Ok, change of plans. Remember how I said in the last post that I was still going to try to cook dishes from Upper and Lower Normandy as two separate regions? Well forget that part. In doing my research for these regions, it has proven to be VERY difficult to decipher between the two. So rather than pass on mis-information by saying that a dish is from one region when it is in fact from another, I'm just going to do two weeks worth of recipes from the larger, joint region of Normandy. Because, well, I'm making this up as I go along and that's what I feel like doing!
So, being situated along a wonderful coastline, Normandy has an abundance of seafood to offer its culinary followers. One of the classic recipes from Normandy is Mussels Mariniere. This is a delicious dish of mussels cooked in a white wine sauce. Another mussels recipe from Normandy, Mussels a la Normande, is basically a more fancy version of Mussels Mariniere, adding cream and sometimes substituting apple cider for the wine. I went with the Mussels Mariniere version though, and I do NOT regret it. This dish is delicious and is absolutely perfect on its own with nothing but a hunk of fresh bread to dip in the sauce.
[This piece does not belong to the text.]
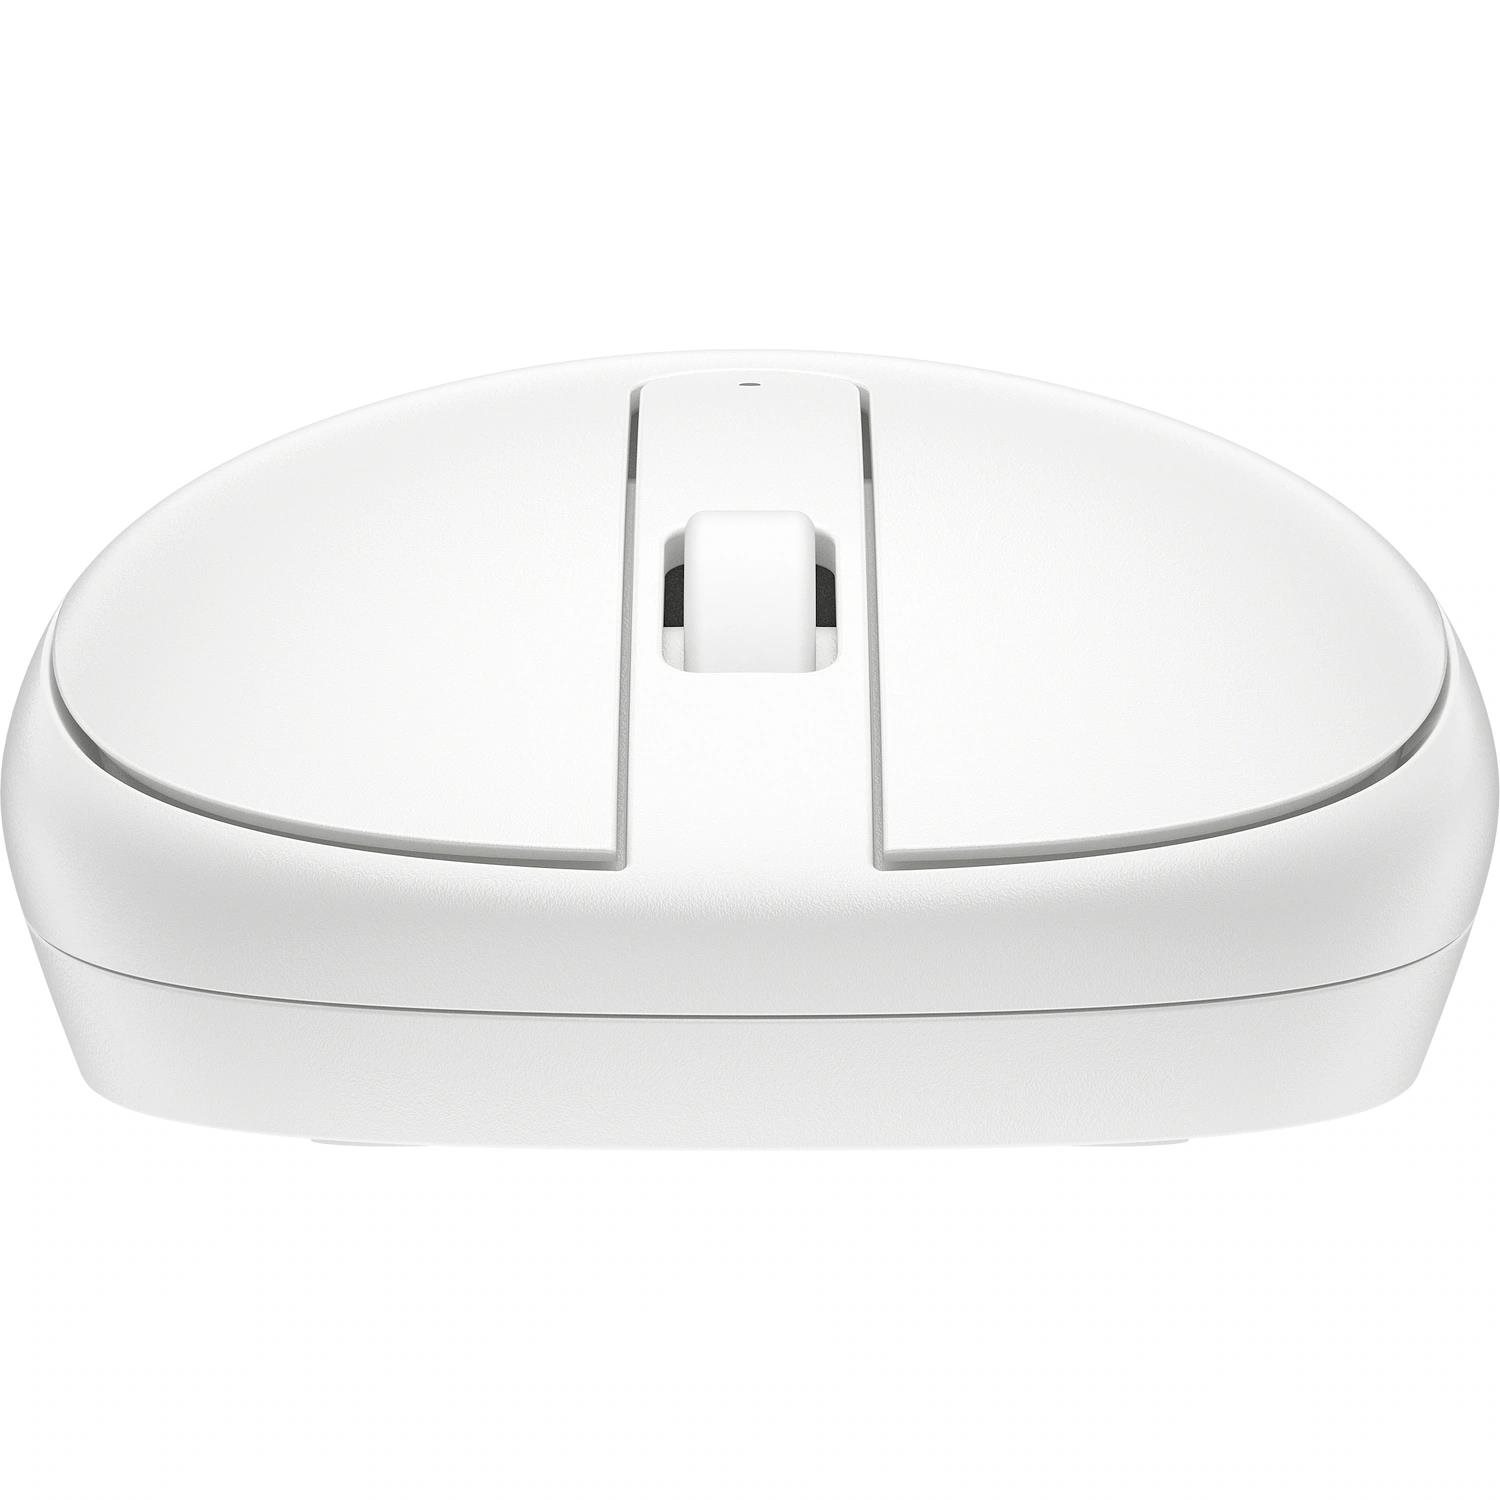 HP 240 Bluetooth Mouse White EURO - bezdrátová bluetooth myš1

The pictures don't do the recipe justice, since you can't really see the sauce, so just trust that it is worth the time!
Adapted from Big Oven
2 pounds mussels
3 tablespoons butter
1 shallot, diced
1 cup white wine
1 teaspoon chopped thyme
1 tablespoon chopped parsley
- Clean the mussels. Let sit in a bowl of water with a palmful of cornmeal for 30 minutes to extract any remaining sand. Discard any mussels that are already open
- Put a large pan over medium to medium high heat. Add 1 tablespoon of butter and let melt. Add the shallots and let cook about 2 minutes until soft.
- Add the mussels, wine, thyme and parsley. Cover and let cook about 5 minutes until the mussels are open. Take the mussels out of the pan and put in a bowl, leaving the broth in the pan. Discard any mussels that did not open.
- Add the remaining two tablespoons of butter to the pan. Add salt and pepper to taste. Bring to a light boil and let the sauce thicken to your preference.
- Pour the sauce over the mussels. Serve hot.
Ryan's rating of Mussels Mariniere - 5.